Many newcomers to the crypto space think of blockchain as complicated to understand. After reading this article you will realise that this is not the case and that blockchain is a very elegant piece of technology.

Blockchain technology is not a new technology. It is a combination of proven technologies combined in an innovative and simple way. We can break it down into three main technologies:

  1. Cryptographic Keys
  2. Distributed Network
  3. Network Servicing Protocol

The result is a system for digital interactions that does not need a trusted third party.

Let’s take a look at each of the technologies in turn and see how they combine giving us what we know as “blockchain technology”. We will also use Bitcoin as our example in this article, when describing the functionality blockchain. After all Bitcoin was the first real use case for blockchain.

Cryptographic Keys

When you interact with the Bitcoin blockchain you must first create a “wallet”. The wallet is basically the gateway into the Bitcoin ecosystem. This is where the cryptographic keys come into play. In order to access your wallet and perform transactions, you need to use the keys to unlock this functionality.
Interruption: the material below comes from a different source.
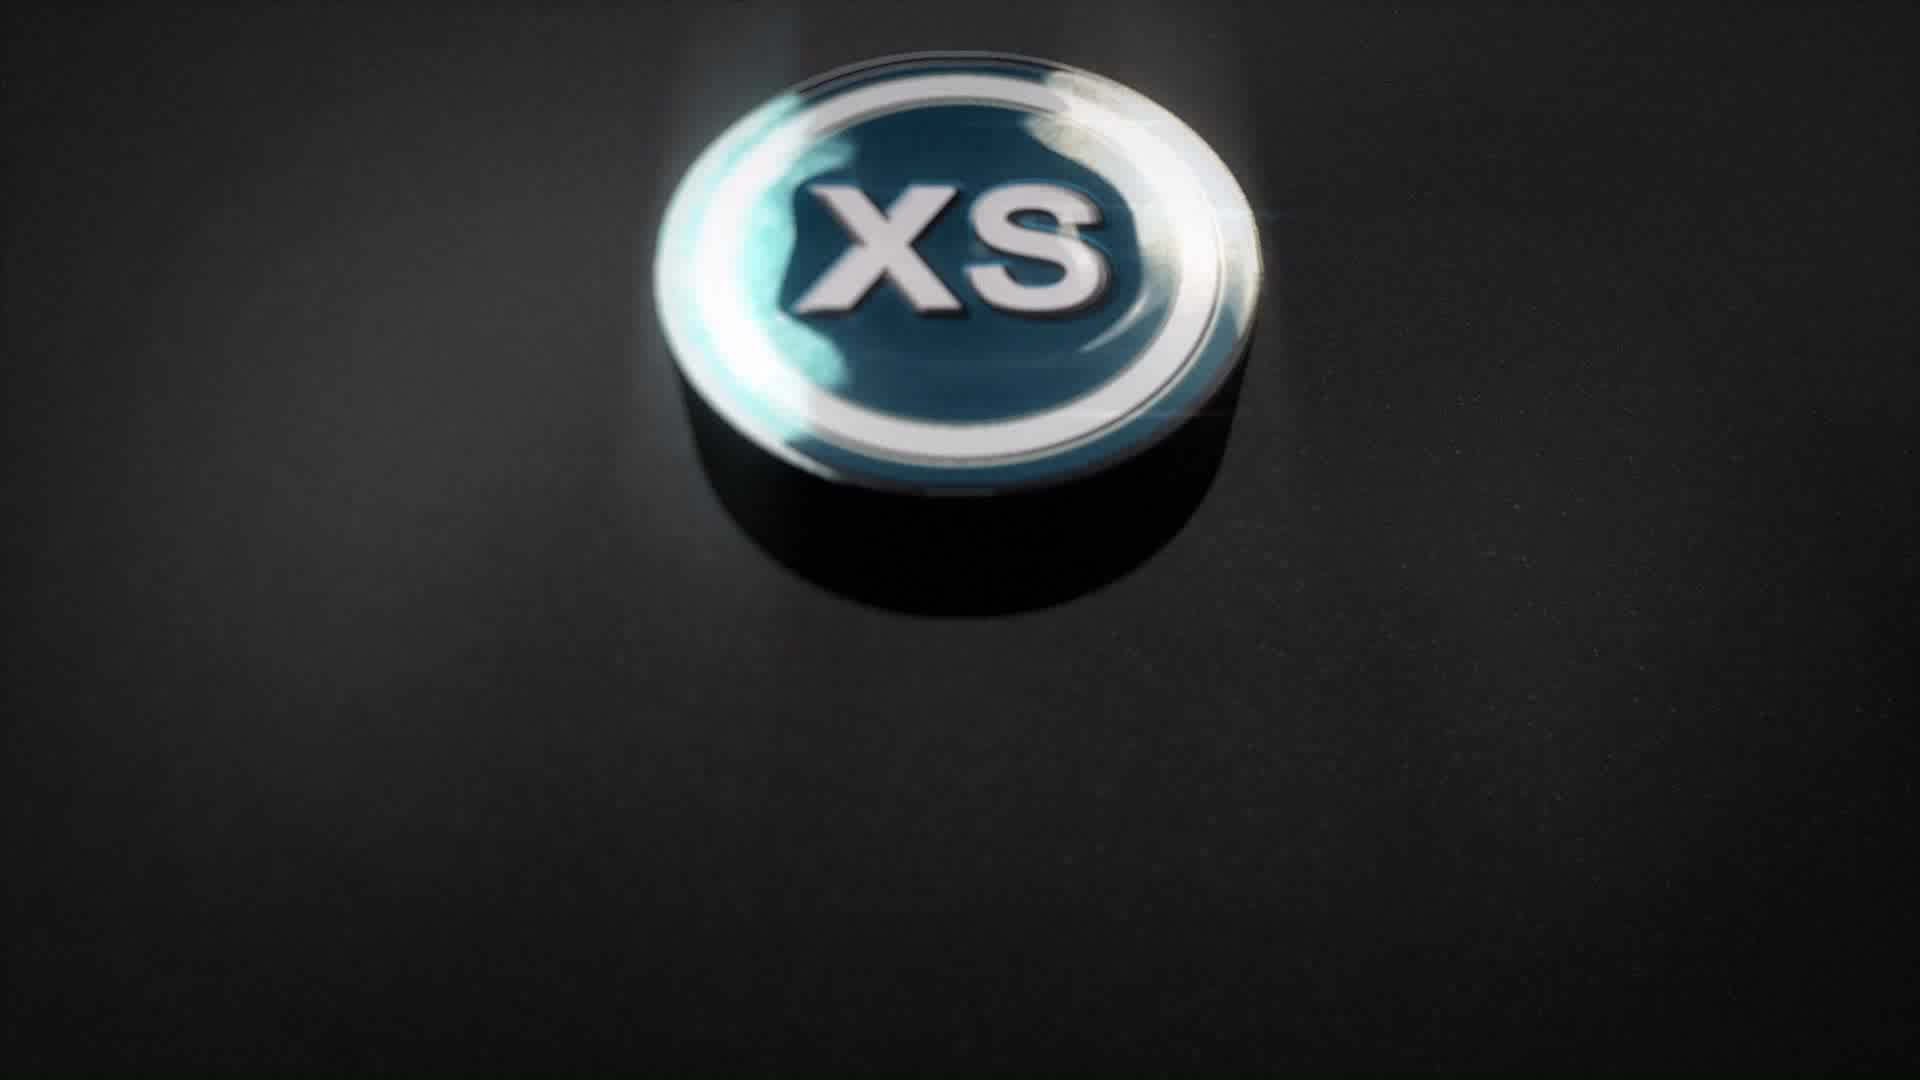 Kaliteli özel naylon spandex foldover elastik bantlar iç çamaşırı
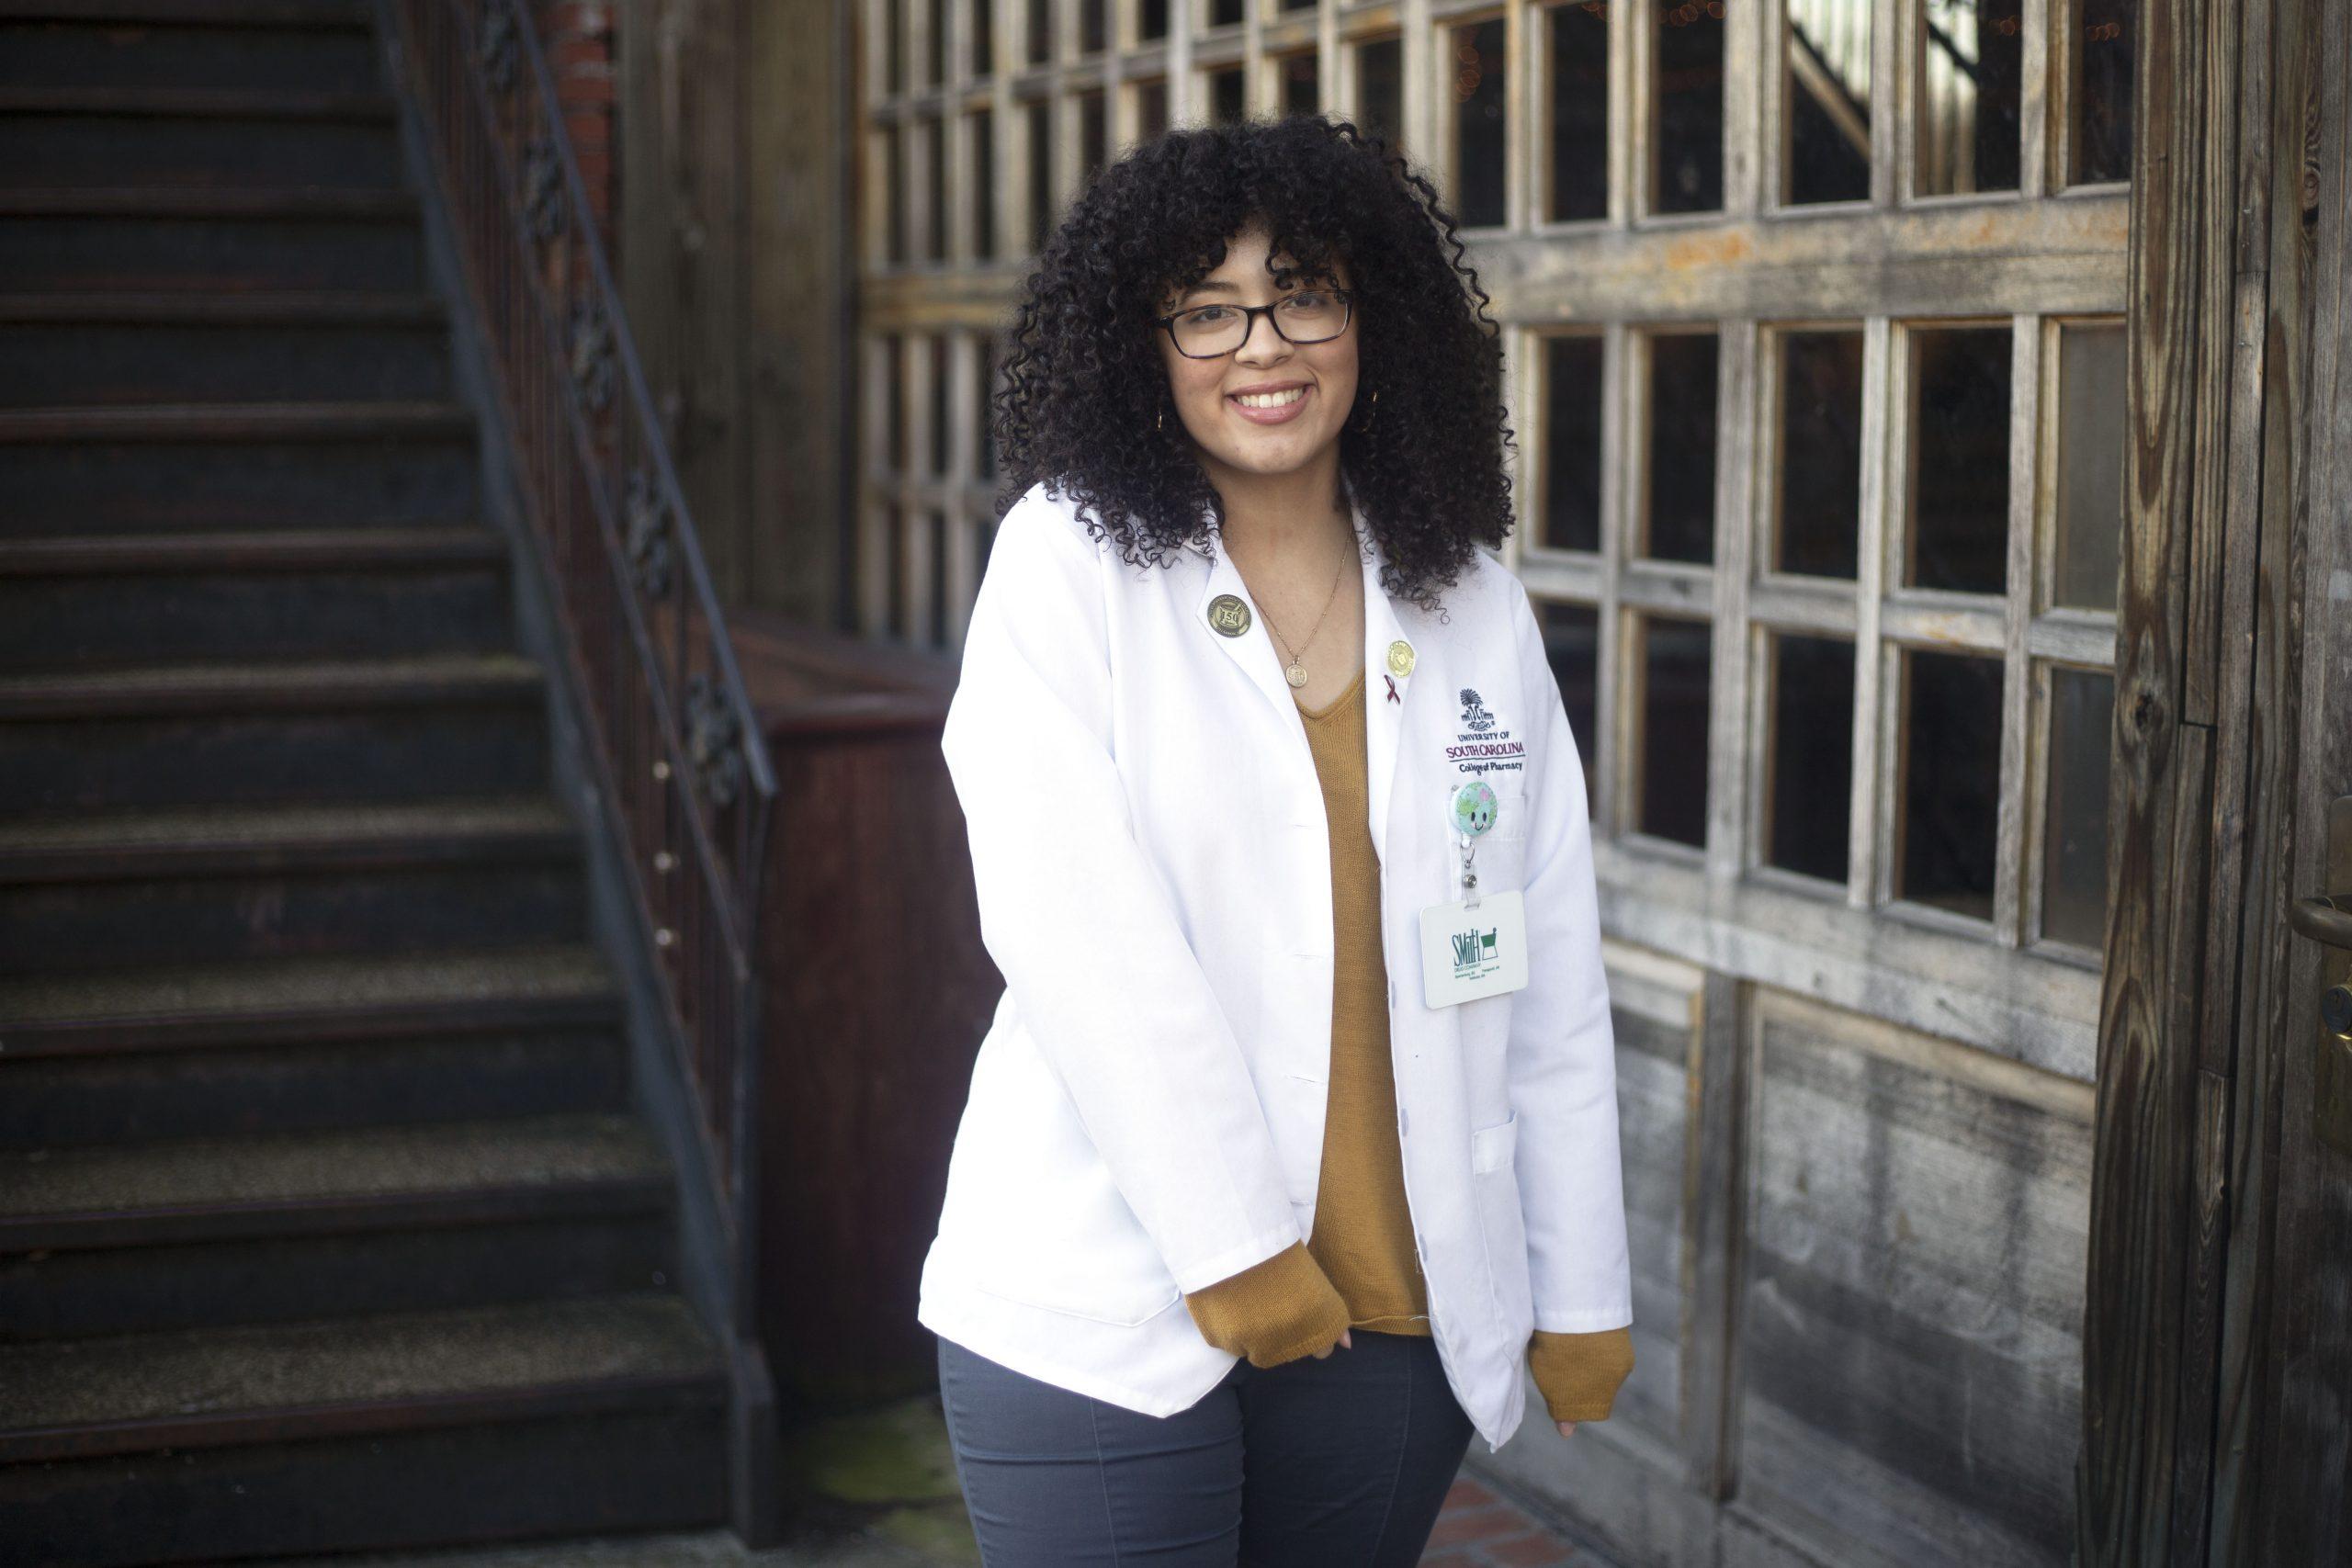 Pharmacy Student White Coat Ceremony

But how can we trust that the person using the wallet actually has the authority to transact with you and how do we know they are authentic?

Defining Trust

Trust is belief in reliability between two or more parties. Imagine if I were to sell you a book for 1 USD over the internet. We now have three options as to how this transaction can be managed:

  1. We can trust each other already, as we could be friends and know each other well. Therefore, when you pay the 1 USD, you will trust that I will send you the book in return. However, if we are strangers then the level of trust decreases.
  2. We could write a contract beforehand, stating that in exchange for the 1 USD, a book will be sent to you in return. With a contract both parties are more likely to carry out their side of the bargain, thus creating an environment of trust. However, it is quite difficult to constantly make contracts for all transactions, especially small transactions. We must consider additional costs to cover legal expenses. This would outweigh the profit from the transaction.
  3. We could have a neutral third party (a middleman) manage the transaction. So I could allow them to send the book when they verify that they have received the 1 USD. However, this means we now have to trust the middle man not to run away with the goods. Again we have to trust them or set up contracts to ensure this doesn’t happen.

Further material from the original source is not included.